The detained students, he said, were forced to sign documents for deportation, pay penalties on the allegation of illegal entry into Turkey, humiliated and abused.

Mainu Suleiman, chairman of the committee on education, described the treatment as “crude and merciless and a vendetta against Nigerians” as the Nigerian students were the only students out of the 102 countries that have students in Turkey who were treated in such a manner, whereas other countries have sorted theirs out diplomatically.

The Nigerians were for the most part enrolled at Fatih University, which is among 2,099 schools, dormitories and universities that were shut down in the wake of the July 15 failed coup in Turkey. The Turkish authorities said the educational institutions were terrorist schools because they have links with Gülen.

Thisday also reported that Turkish Ambassador to Nigeria Hakan Çakıl had requested that Nigerian authorities close down 17 Turkish schools in the country for alleged links to the Gülen movement. The Nigerian authorities refused, stating that it would instead await evidence linking the proprietors of the schools in Nigeria to the failed coup in Turkey.

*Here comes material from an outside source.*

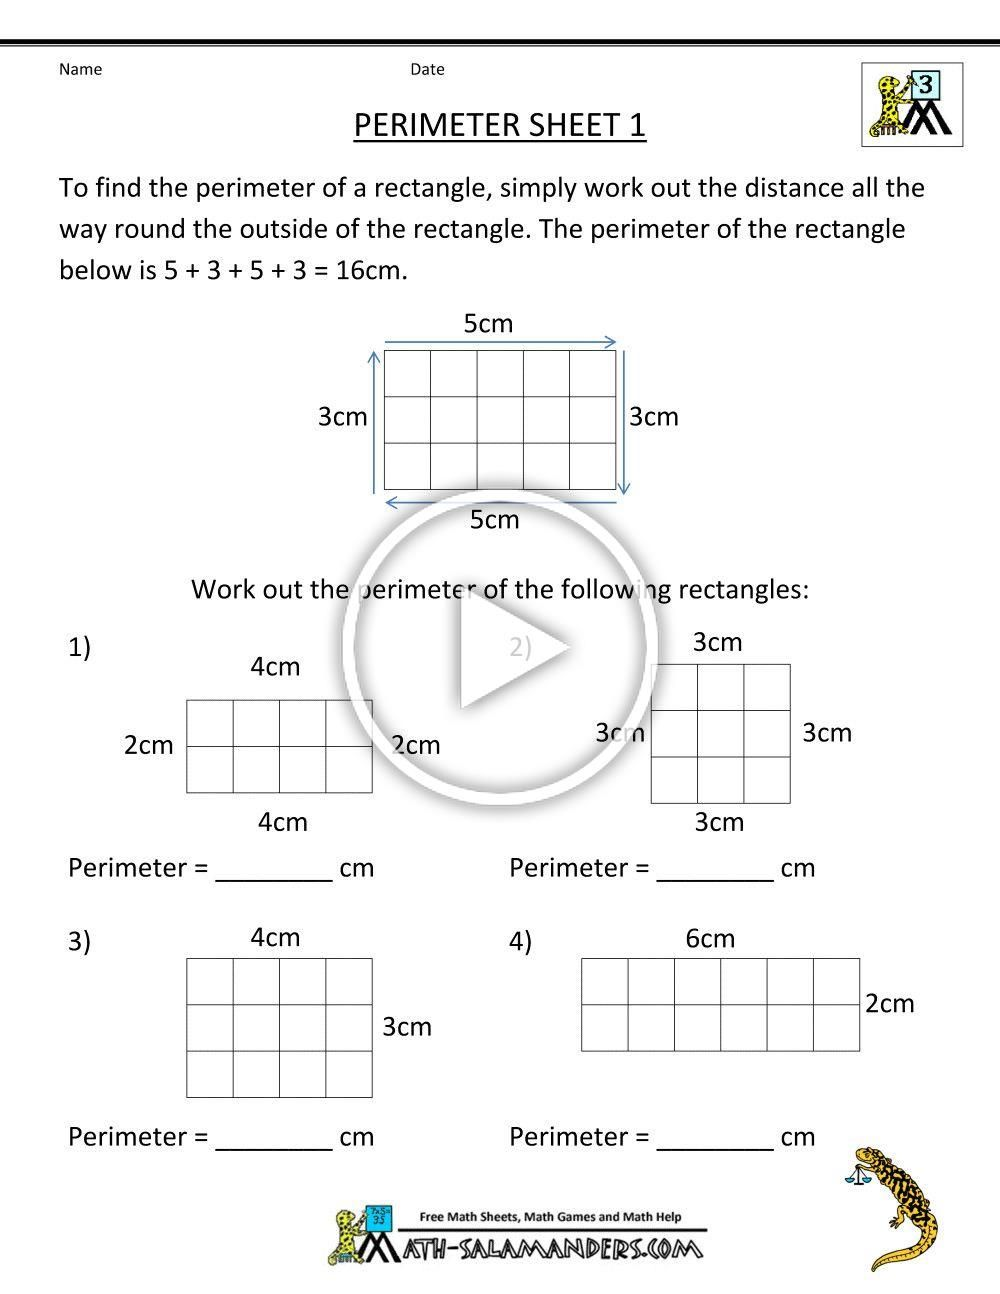 medium resolution of 2 Capacity Worksheets Grade 2 free 3rd grade math worksheets perimeter 1 √  Capacity Worksheets Grade 2 . 2 Capacity Worksheets Grade 2 . Inches  Measurement Work… in 2020

Another Thisday source also referred to the case of a Nigerian named Aminat, a final year student at one of the universities closed after the putsch.

“Aminat came to the airport to travel to Nigeria since her school had been shut down, but to her surprise, she was asked to pay a penalty for entering the country illegally. She paid the fine, and she was kept, alongside others in the same room with people waiting to be deported,” said Thisday.

Thisday also learned that some of those detained at the airport were made to sign documents giving their consent to deportation from Turkey. An e-mail to the Turkish Embassy on why the students were detained received no response.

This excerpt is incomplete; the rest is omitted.